Phosphorylation of Akt (p-Akt) promotes cell survival and proliferation via activation of NF-κB survival pathway [37]. NF-κB is a protein complex that controls the transcription of DNA in the nucleus. Abberant regulation of NF-κB is linked to cancers and many inflammatory and autoimmune diseases. The active form of Akt (p-Akt) has high potential to deregulate cell cycle, induce cell proliferation, avoid apoptosis, and stimulate cell survival through upregulation of NF-κB [38]. In this study, we demonstrated that survivin knockdown and EGCG treatment resulted in remarkable decreases in the expression of molecules such as p-Akt, and NF-κB in SK-N-BE2 and SH-SY-5Y cells that could otherwise promote tumor cell proliferation.

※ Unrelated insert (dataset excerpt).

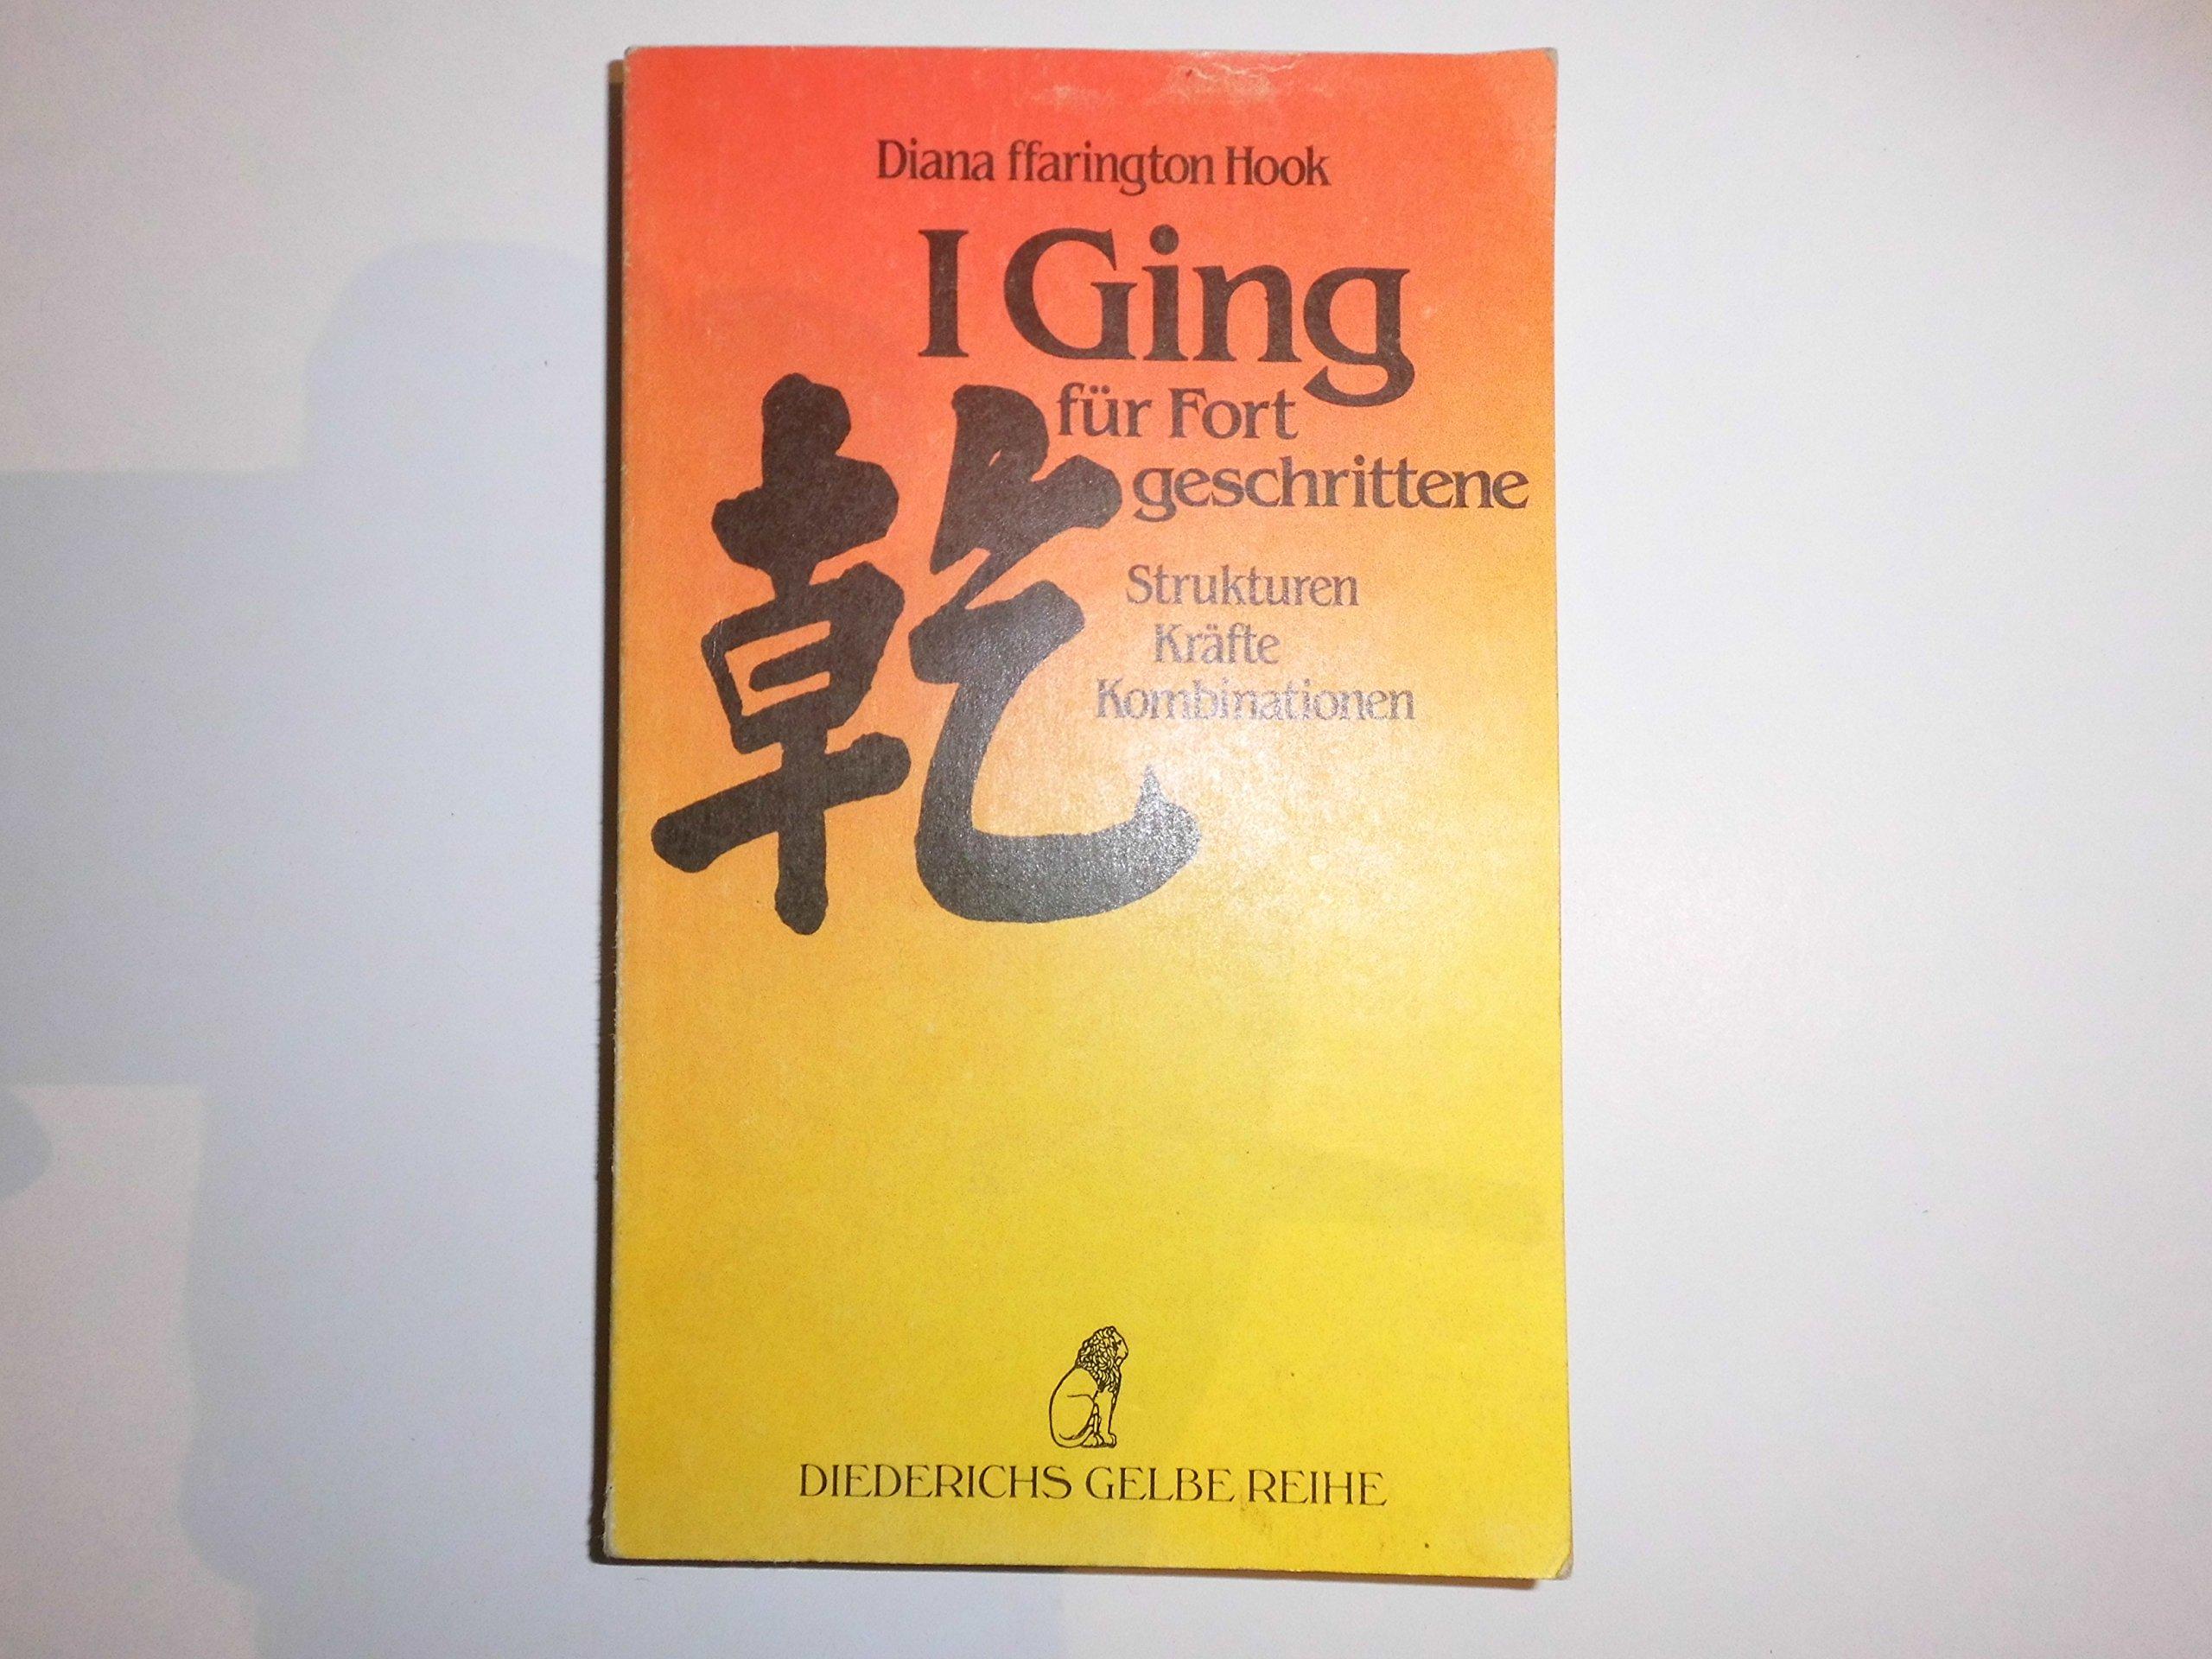 I Ging für Fortgeschrittene Taschenbuch – 1990 Diana Ffarington Hook Diederichs 3424007439 MAK_GD_9783424007435

Angiogenesis, the formation of new blood vessels from pre-existing ones, plays an important role in tumor progression and metastasis. Angiogenesis is a key regulatory factor in the progression and growth of malignant tumors such as neuroblastomas. Therefore, development of an appropriate targeted molecular strategy to prevent angiogenesis is an important milestone in the therapeutic intervention against neuroblastomas. The mechanism of angiogenesis is primarily mediated by hypoxia through chronic activation of the hypoxia-inducible factor pathway leading to the production of VEGF and bFGF [39,40]. In the present study, we observed that cells after transfection with survivin shRNA and treatment with EGCG failed to produce potent angiogenic factors such as VEGF and bFGF. Thus, this combination therapy would inhibit the secretion of potent angiogenic stimulants and subsequently prevent tumor progression. In vitro network formation requires special angiogenic stimulants such VEGF and bFGF secreted by the tumor cells. In this study, we observed that neuroblastoma cells transfected with survivin shRNA and treated with EGCG and then co-cultured with HME cells markedly reduced the network formation ability of HME cells.

In conclusion, the present study demonstrated that survivin knockdown and EGCG treatment effectively induced differentiation and apoptosis and inhibited cell migration, angiogenesis, and growth of malignant neuroblastoma cells through down regulation of molecules involved in these processes. Therefore, the combination of survivin silencing and EGCG treatment can be a novel therapeutic strategy for controlling the growth of human malignant neuroblastomas.

Highlights.

• Survivin shRNA + EGCG controlled growth of human malignant neuroblastoma cells.

• Survivin knockdown of induced neuronal differentiation in neuroblastoma cells.

• Survivin shRNA + EGCG induced morphological and biochemical features of apoptosis.

• Combination therapy inhibited invasion, proliferation, and angiogenesis as well.

• So, combination therapy showed multiple anti-cancer mechanisms in neuroblastoma.